- **Information provided**:
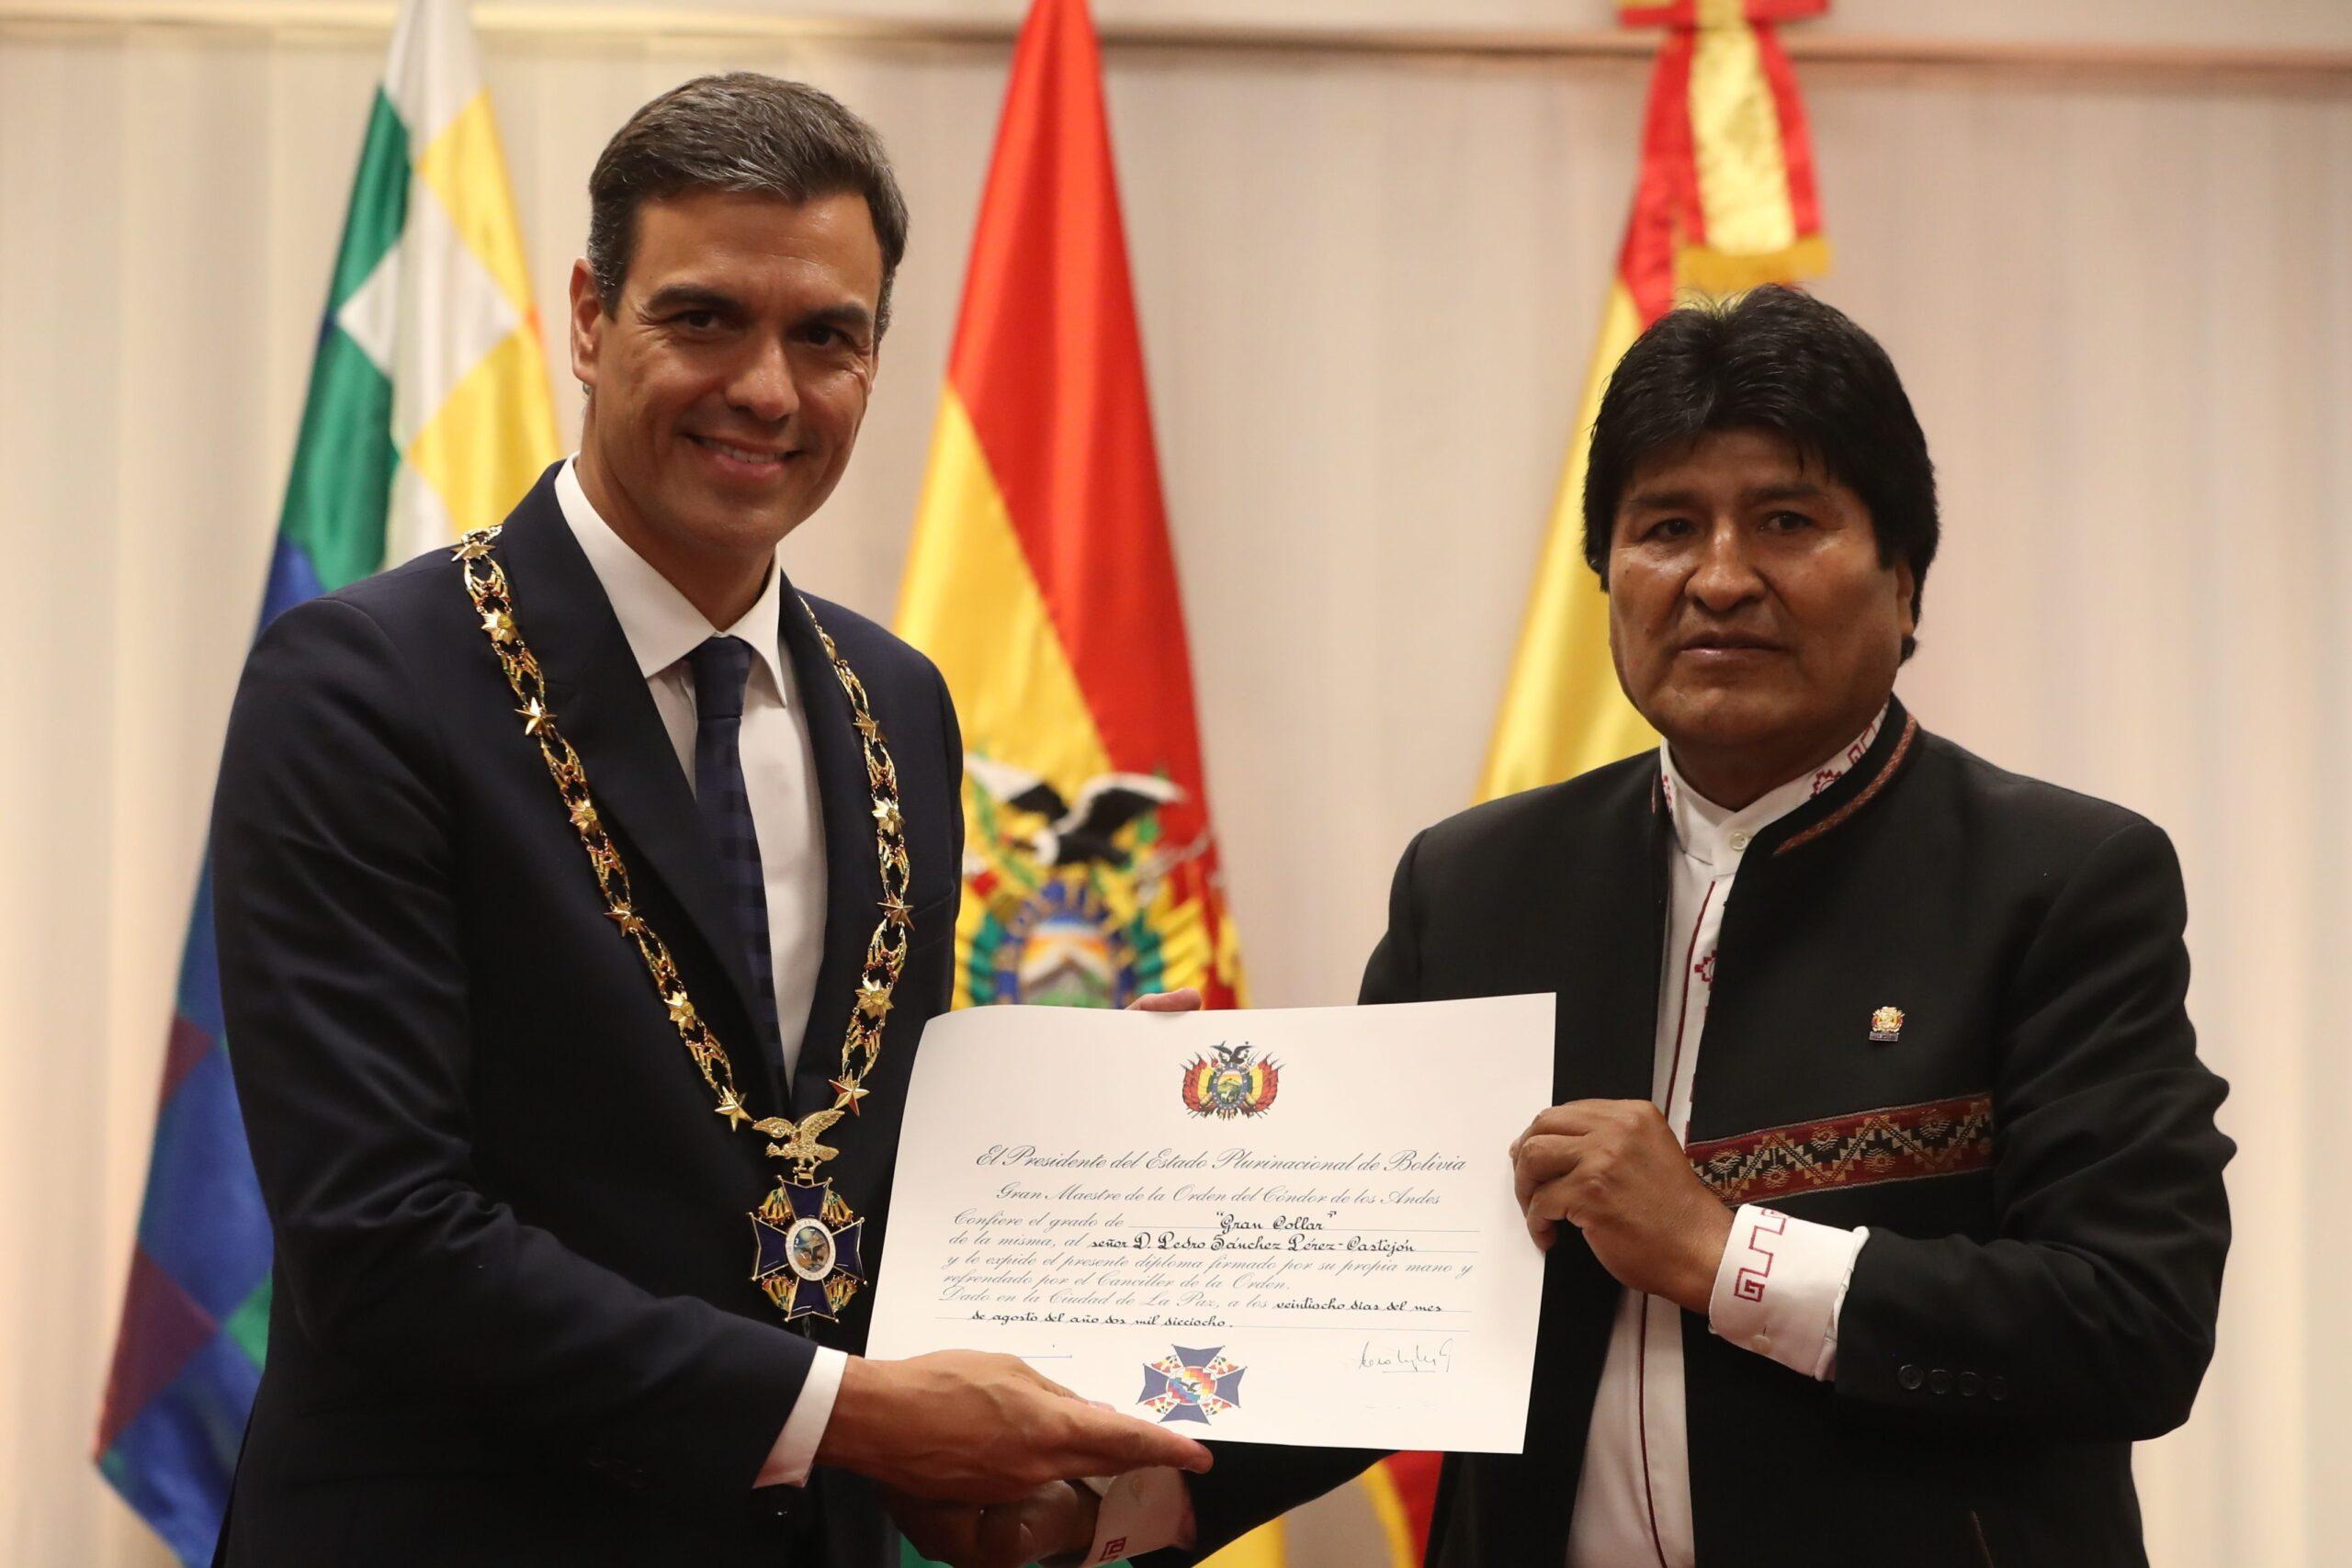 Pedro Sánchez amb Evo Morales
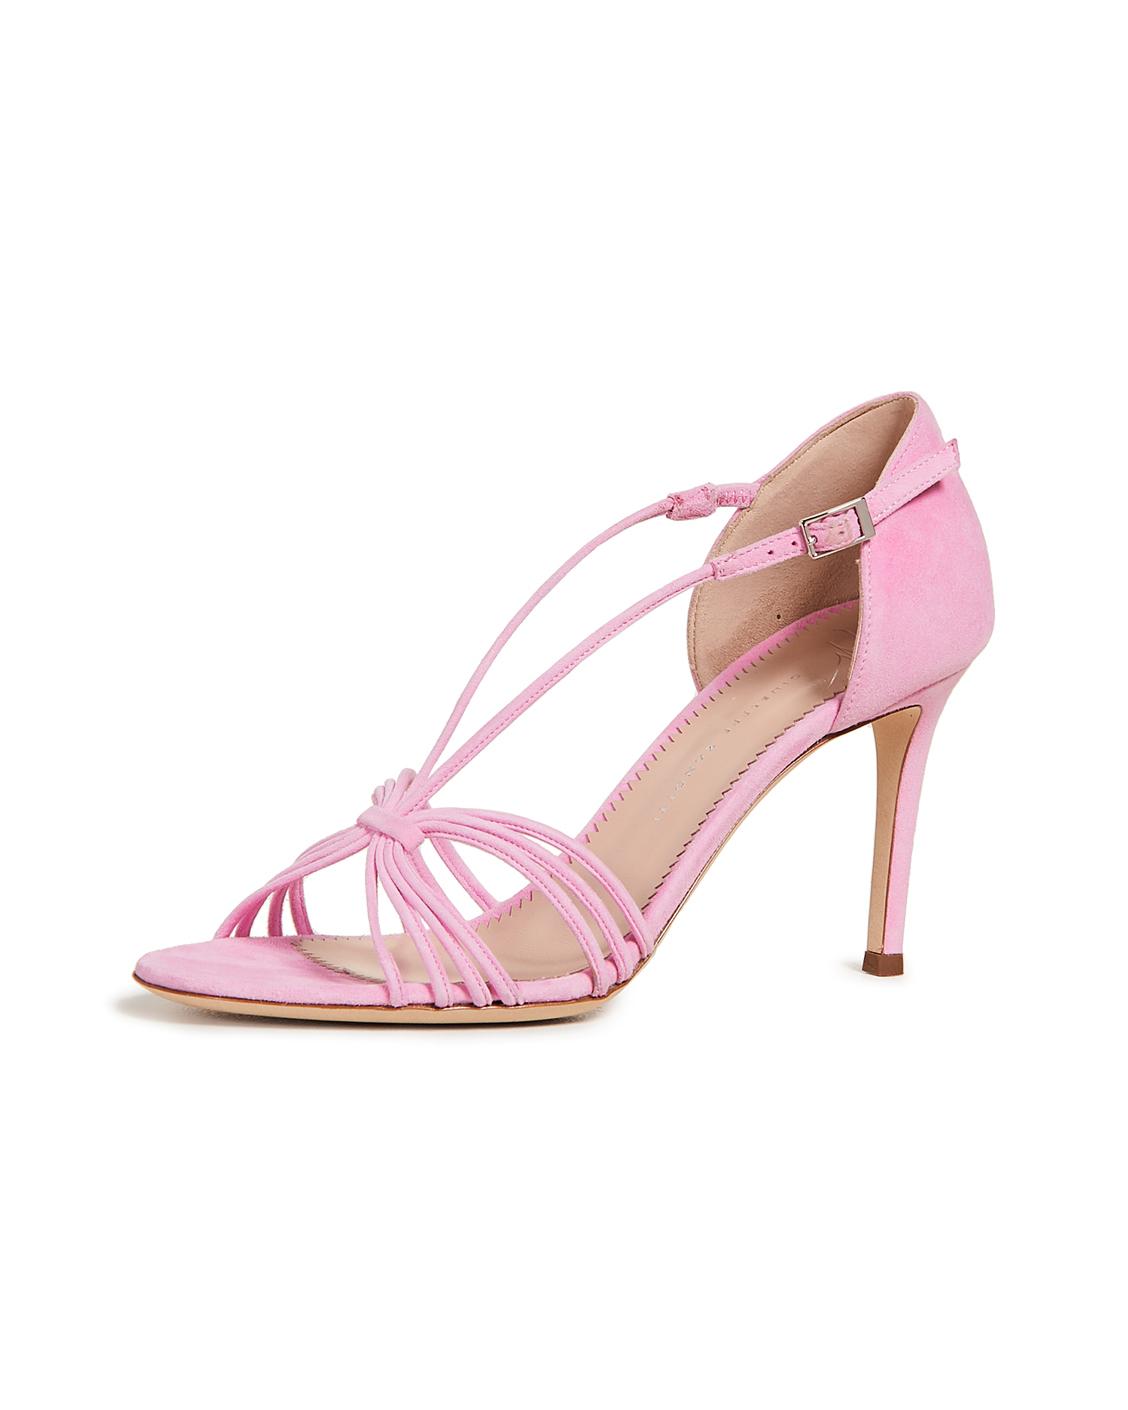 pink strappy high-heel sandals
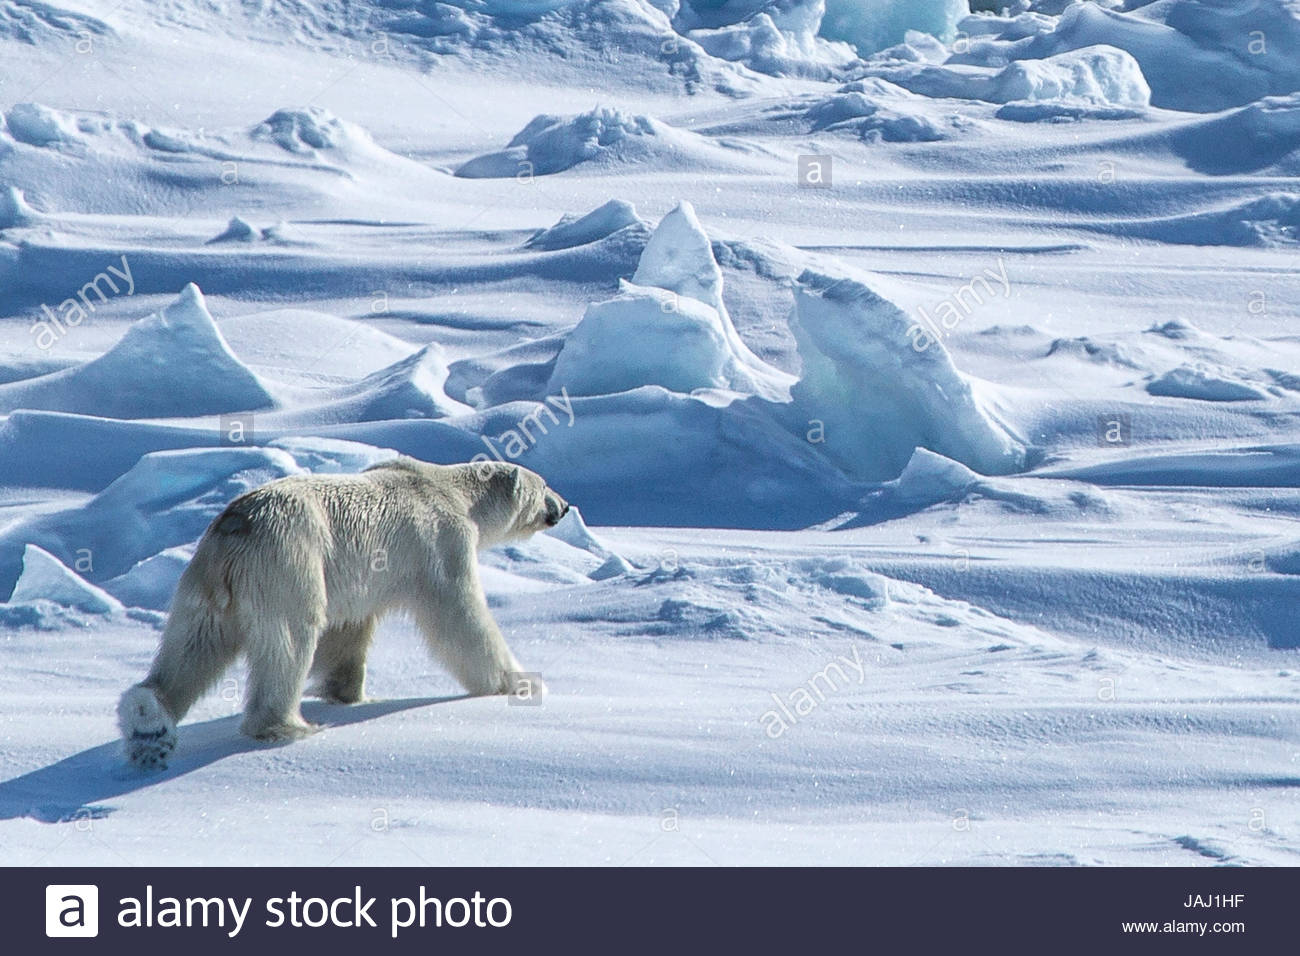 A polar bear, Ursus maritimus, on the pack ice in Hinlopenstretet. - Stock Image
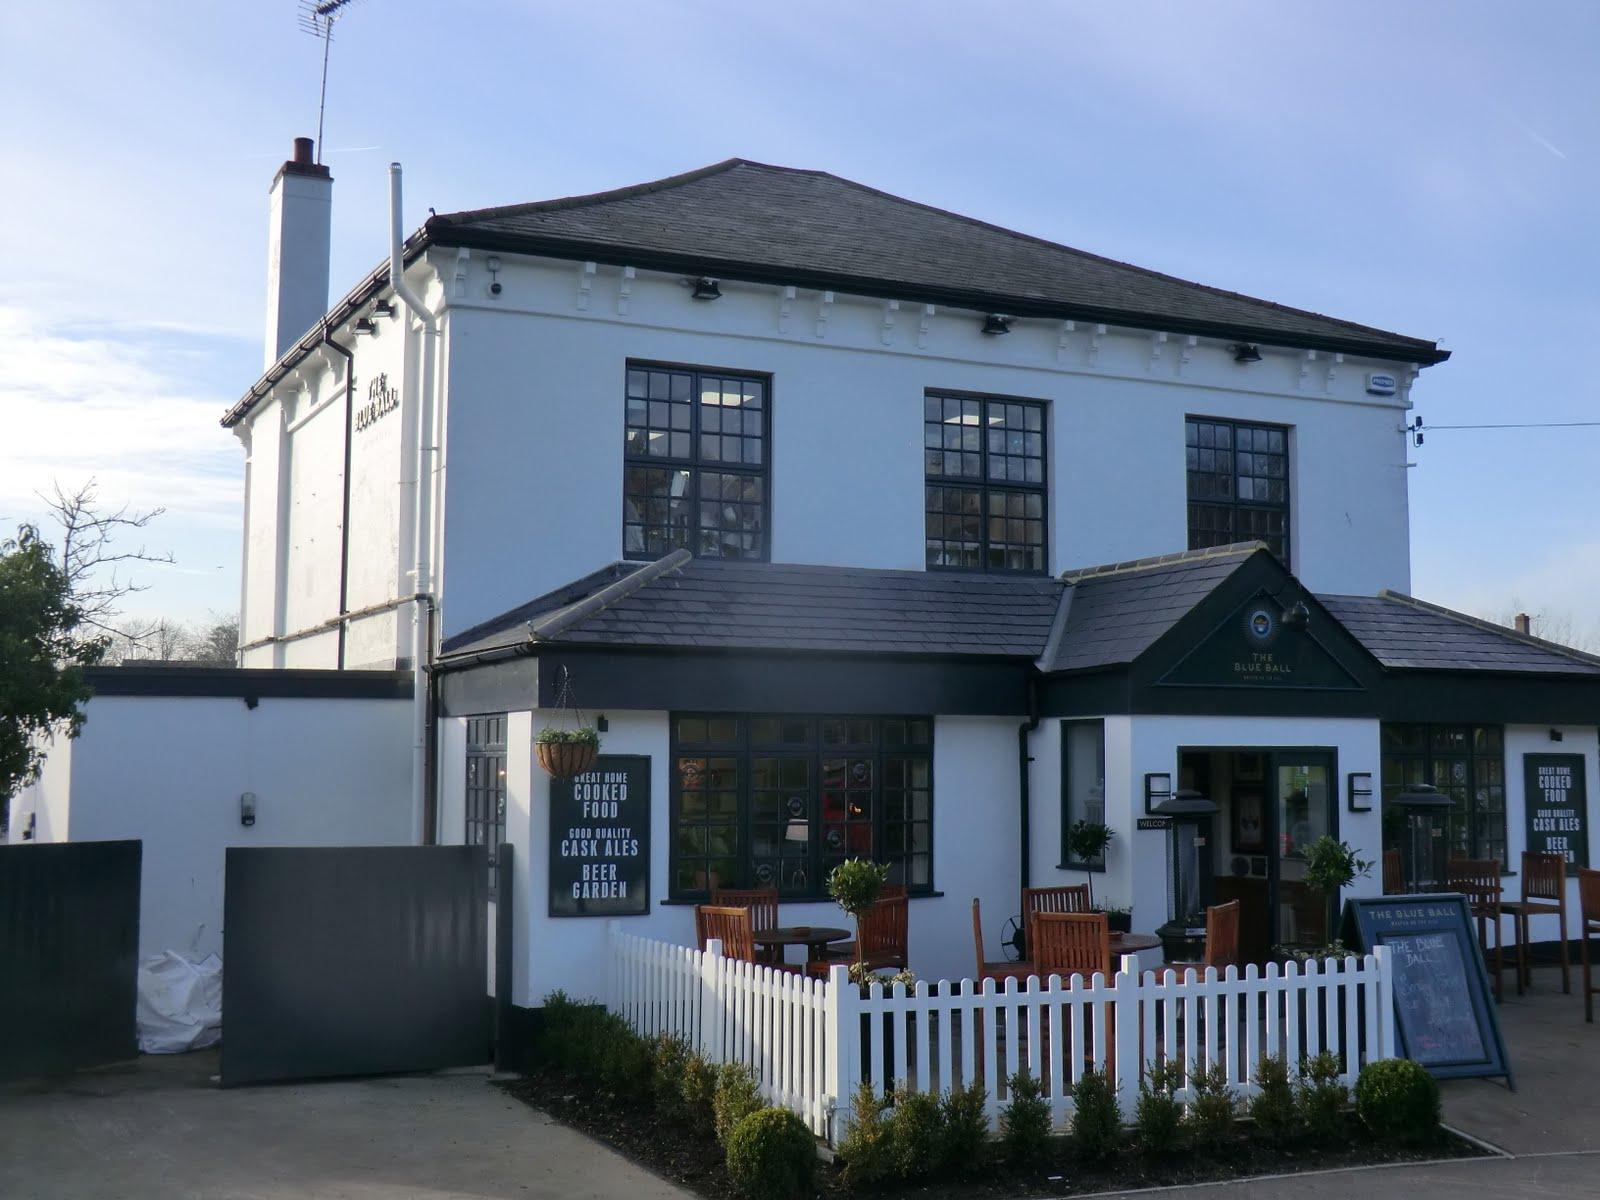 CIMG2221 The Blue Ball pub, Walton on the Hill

- **Exercise**: In the data above, find the line containing "A polar bear, Ursus"; from there, please write out each line through the end, exactly, with the pictures omitted.

- **Exercise answer**:
 A polar bear, Ursus maritimus, on the pack ice in Hinlopenstretet. - Stock Image
 CIMG2221 The Blue Ball pub, Walton on the Hill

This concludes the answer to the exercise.